Back to Inference Glossary
Inference Glossary

Prompt Cache

A response cache keyed on the request — exact-match for identical requests, prefix for shared system prompts, and optionally semantic for paraphrased questions. Cuts input tokens dramatically on real traffic.

A prompt cache is a response cache that sits in front of model inference. When a request matches an entry in the cache, the cached response is returned without calling the model. On real production workloads, a well-designed prompt cache reduces input tokens by 40 to 70%, which translates directly into lower cost and lower latency.

There are three useful caches, and the cleanest deployments stack all three.

**Exact-match** is the simplest. The cache key is a hash of the full request. If the same prompt with the same parameters arrives, the cached response is returned in single-digit milliseconds. This catches repeated calls from the same client, deterministic test loops, and bot traffic.
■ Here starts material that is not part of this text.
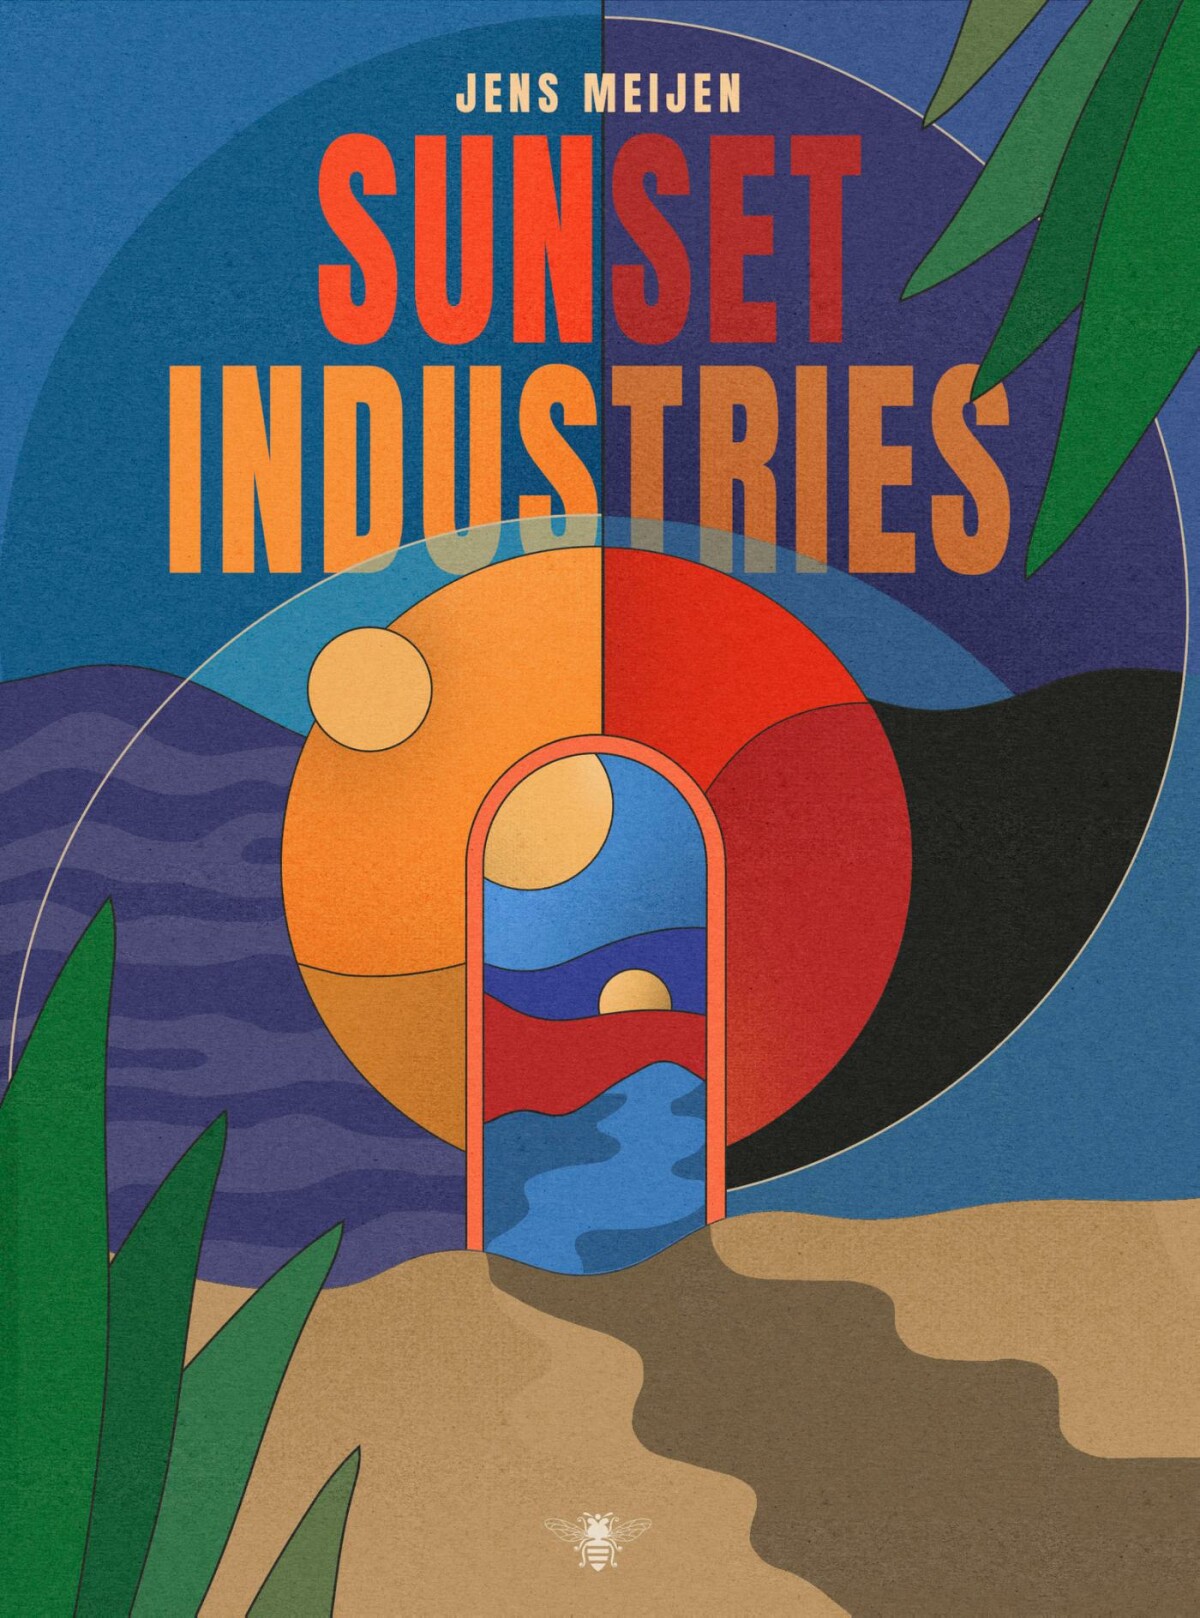 Sunset industries

**Prefix caching** matches on the longest common prefix between the incoming request and previously-served requests. This is where most production savings come from — system prompts, few-shot examples, tool definitions, and RAG context tend to be identical across thousands of requests. Prefix caching is what makes long shared-context workflows economical.

**Semantic caching** uses embeddings to detect paraphrased questions. "What is your refund policy?" and "How do I get a refund?" can return the same cached answer. Semantic caches are powerful but require care — false positives return wrong answers, and the threshold needs tuning per workflow.

The platform that owns the gateway is the only place a cache can correctly account for token cost across providers. A standalone cache that does not know what the response would have cost from OpenAI versus Anthropic versus an open-weight model cannot accurately attribute savings. This is one of the structural reasons inference platforms consolidate gateway, cache, and observability in one place.